• Task description: Exact reproduction required: the lines below from the line with "Bloomingville Jace Deco" to the line with "خريطة العملية العسكرية", both ends included, and no others.

• Stored dataset items:

▼▼▼

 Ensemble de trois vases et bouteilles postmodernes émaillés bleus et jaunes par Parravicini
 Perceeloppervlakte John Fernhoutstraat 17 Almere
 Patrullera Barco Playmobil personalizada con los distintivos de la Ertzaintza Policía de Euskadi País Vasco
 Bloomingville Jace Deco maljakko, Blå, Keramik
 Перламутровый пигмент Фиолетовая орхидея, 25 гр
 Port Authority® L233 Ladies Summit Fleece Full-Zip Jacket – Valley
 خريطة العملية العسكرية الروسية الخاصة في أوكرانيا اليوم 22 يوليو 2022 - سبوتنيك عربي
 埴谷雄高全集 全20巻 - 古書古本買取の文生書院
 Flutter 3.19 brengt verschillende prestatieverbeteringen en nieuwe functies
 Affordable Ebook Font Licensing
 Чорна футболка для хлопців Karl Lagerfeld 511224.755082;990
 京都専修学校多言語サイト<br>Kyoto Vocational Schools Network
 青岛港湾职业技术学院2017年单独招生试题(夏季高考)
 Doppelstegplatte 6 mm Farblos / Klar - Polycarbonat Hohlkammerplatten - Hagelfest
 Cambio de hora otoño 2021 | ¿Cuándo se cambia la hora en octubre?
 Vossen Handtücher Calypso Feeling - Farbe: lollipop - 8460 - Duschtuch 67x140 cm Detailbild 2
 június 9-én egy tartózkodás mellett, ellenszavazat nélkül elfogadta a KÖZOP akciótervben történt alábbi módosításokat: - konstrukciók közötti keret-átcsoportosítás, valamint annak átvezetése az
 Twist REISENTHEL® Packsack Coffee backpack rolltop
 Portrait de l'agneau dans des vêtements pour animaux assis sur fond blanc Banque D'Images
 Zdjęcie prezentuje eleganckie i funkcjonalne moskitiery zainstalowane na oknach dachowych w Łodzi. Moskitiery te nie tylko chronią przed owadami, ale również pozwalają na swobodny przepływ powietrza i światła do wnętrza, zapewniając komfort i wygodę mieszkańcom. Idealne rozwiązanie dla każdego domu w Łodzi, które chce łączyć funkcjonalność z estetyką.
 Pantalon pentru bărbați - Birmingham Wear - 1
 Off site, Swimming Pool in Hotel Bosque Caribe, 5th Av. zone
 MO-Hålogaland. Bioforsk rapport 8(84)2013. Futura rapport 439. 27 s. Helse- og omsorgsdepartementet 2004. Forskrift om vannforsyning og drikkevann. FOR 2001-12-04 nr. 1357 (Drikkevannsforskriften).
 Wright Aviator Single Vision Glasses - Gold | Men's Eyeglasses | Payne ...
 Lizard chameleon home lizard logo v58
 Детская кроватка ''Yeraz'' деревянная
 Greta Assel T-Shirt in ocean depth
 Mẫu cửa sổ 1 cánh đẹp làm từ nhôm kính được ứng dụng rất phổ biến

▲▲▲

• Reply:
 Bloomingville Jace Deco maljakko, Blå, Keramik
 Перламутровый пигмент Фиолетовая орхидея, 25 гр
 Port Authority® L233 Ladies Summit Fleece Full-Zip Jacket – Valley
 خريطة العملية العسكرية الروسية الخاصة في أوكرانيا اليوم 22 يوليو 2022 - سبوتنيك عربي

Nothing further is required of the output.